The amount of network calls could be reduced by around up to 50%, however the unpredictability still remains, based on what the user prompts and what the LLM instructions are.
The proposed solution
Considering the reduced complexity for customers around installation and the reduced latency/networking overhead, the proposed solution is to:
-
map internal functions as tools for the AI agent,
-
have web call wanda as an external service (like we do with Prometheus, for instance) to map Wanda APIs as tools for the AI agent
-
keep the MCP server as a tools provider for external APIs and Wanda APIs.
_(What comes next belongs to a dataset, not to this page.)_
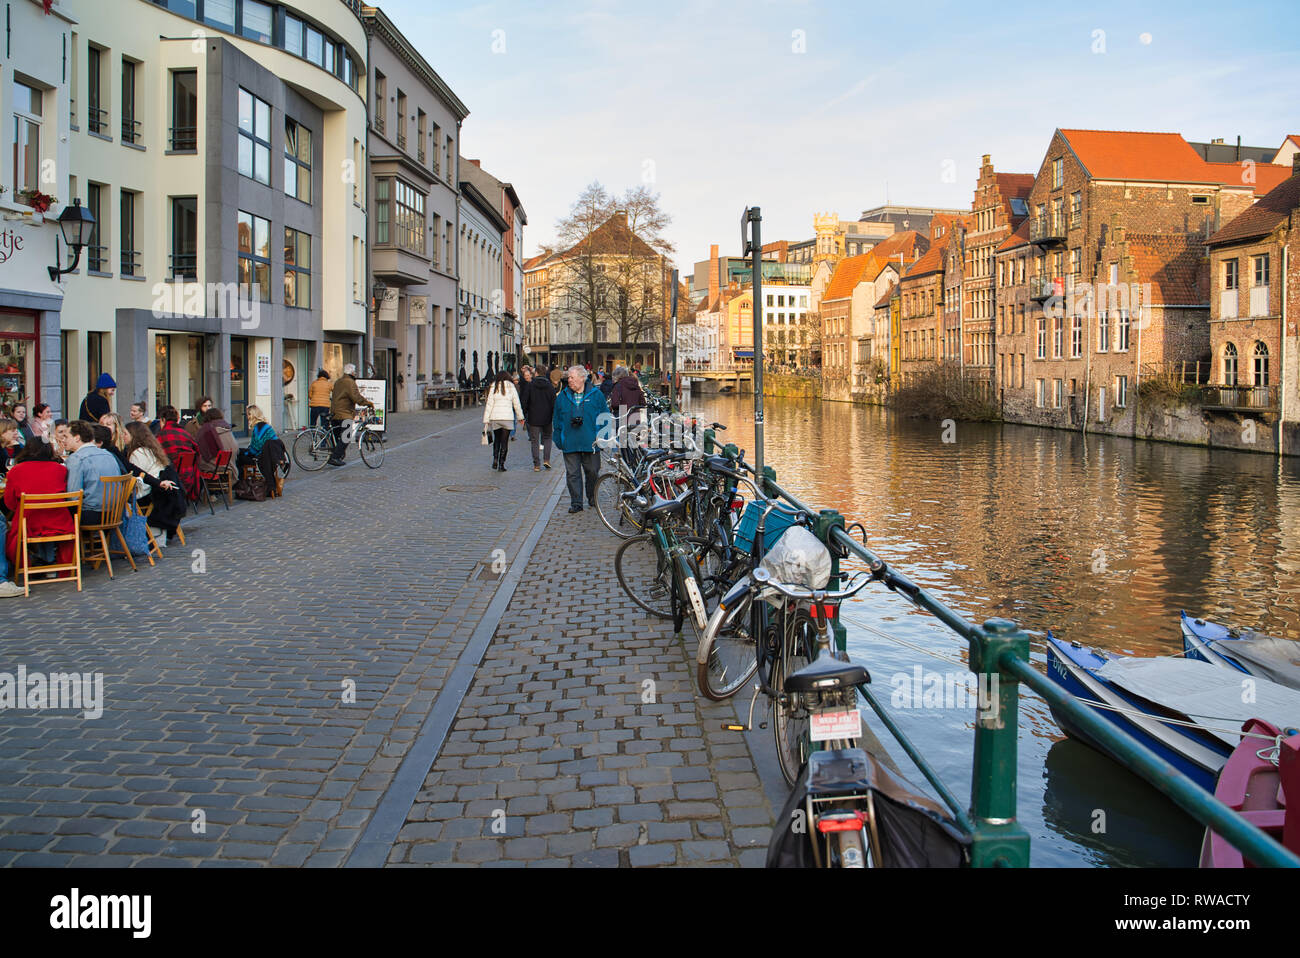 GENT, Belgio - 17 febbraio 2019: city quay con edifici storici. Biciclette da recinzione Foto Stock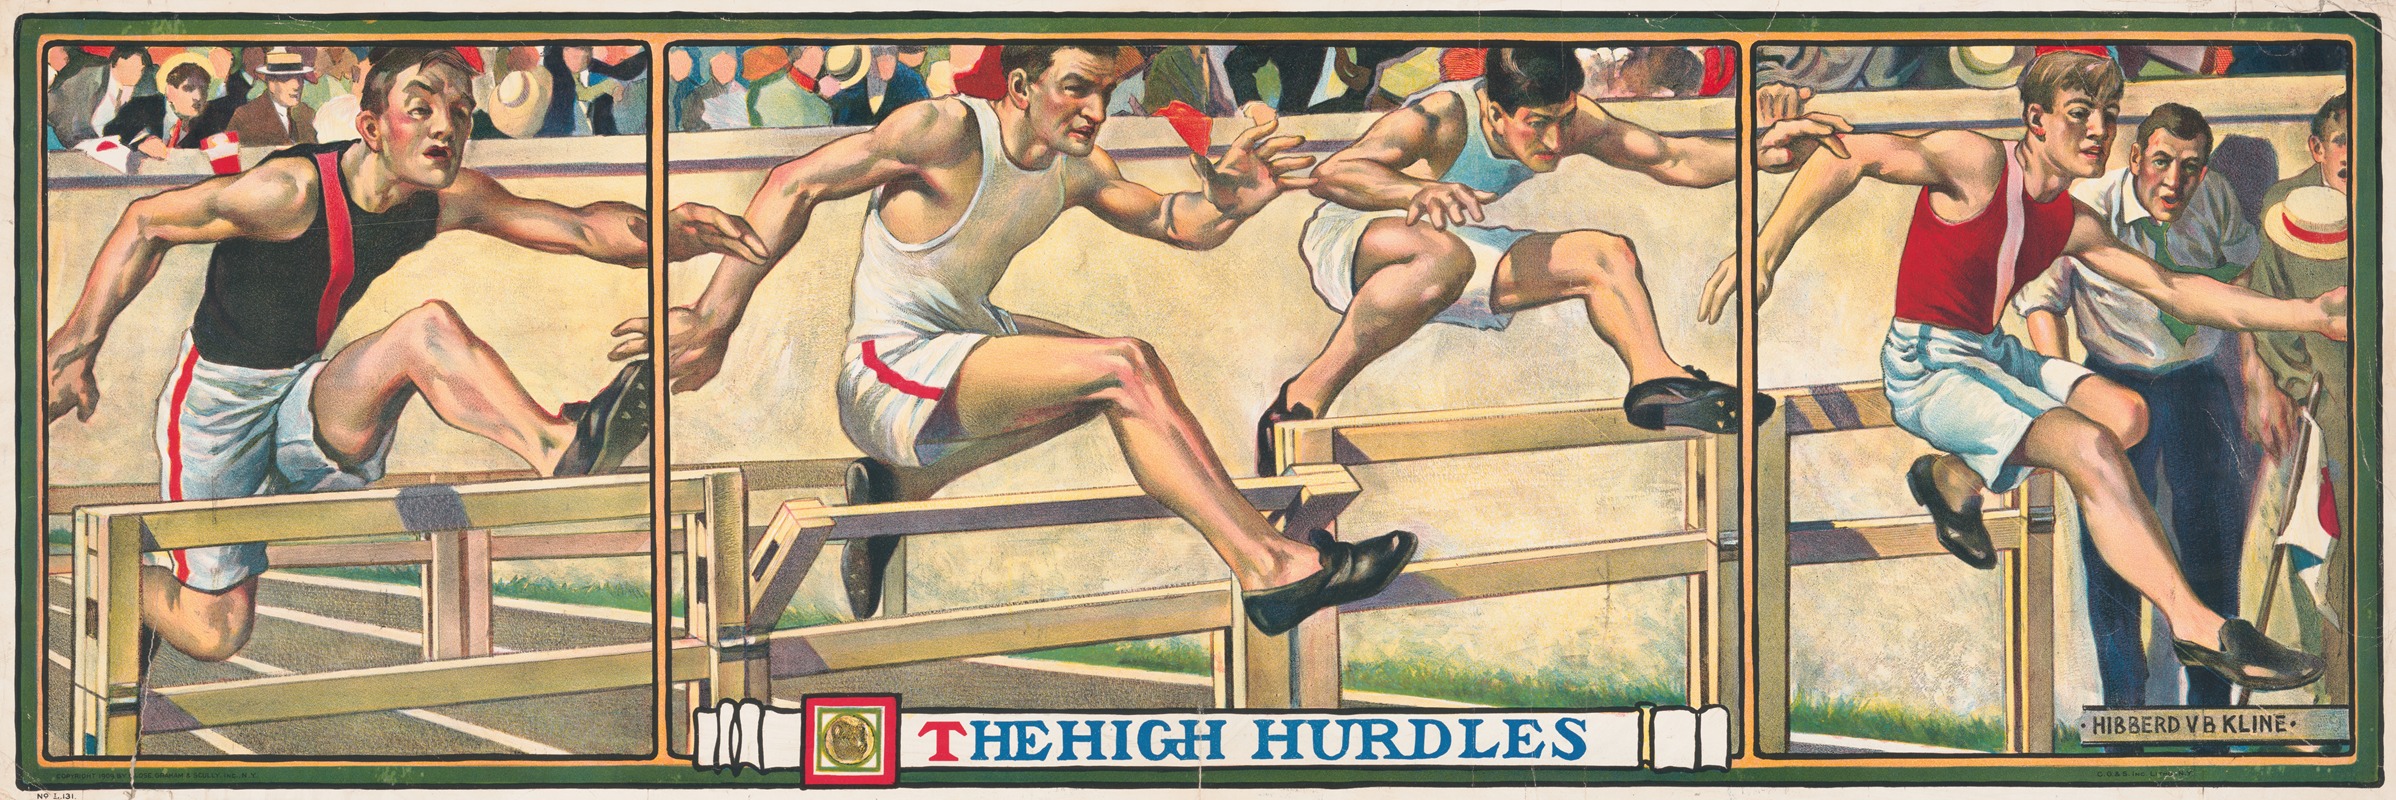 Hibberd Van Buren Kline - The high hurdles

This means we need to find ways to reduce and mitigate repetition of the code already wired in the controllers and expose it as tools for the AI agent.
Summary
The proposed design for the AI assistant chatbox is to:
-
implement it natively within Trento Web leveraging an Elixir-based implementation of the LangChain framework for the agentic capabilities
-
using WebSockets for real-time communication between the UI and the agent
-
adopt the AG-UI protocol for the semantics of the communication between the UI and the agent, limited to our needs and use cases at the moment
-
use Assistant-UI components for the UI implementation
-
map internal functions as tools for the AI agent, call Wanda as an external service to map
Unresolved questions
-
RAG integration is out of scope for this RFC. Even though there has been some degree of exploration (arcana lib especially) it is deferred to a later stage.
-
Details about the actual implementation of the agent, such as AI onboarding, the system prompt, the tools to be used, the MCP integration, the way to leverage UI context, etc. are out of scope for this RFC and will be defined as we iterate on the implementation.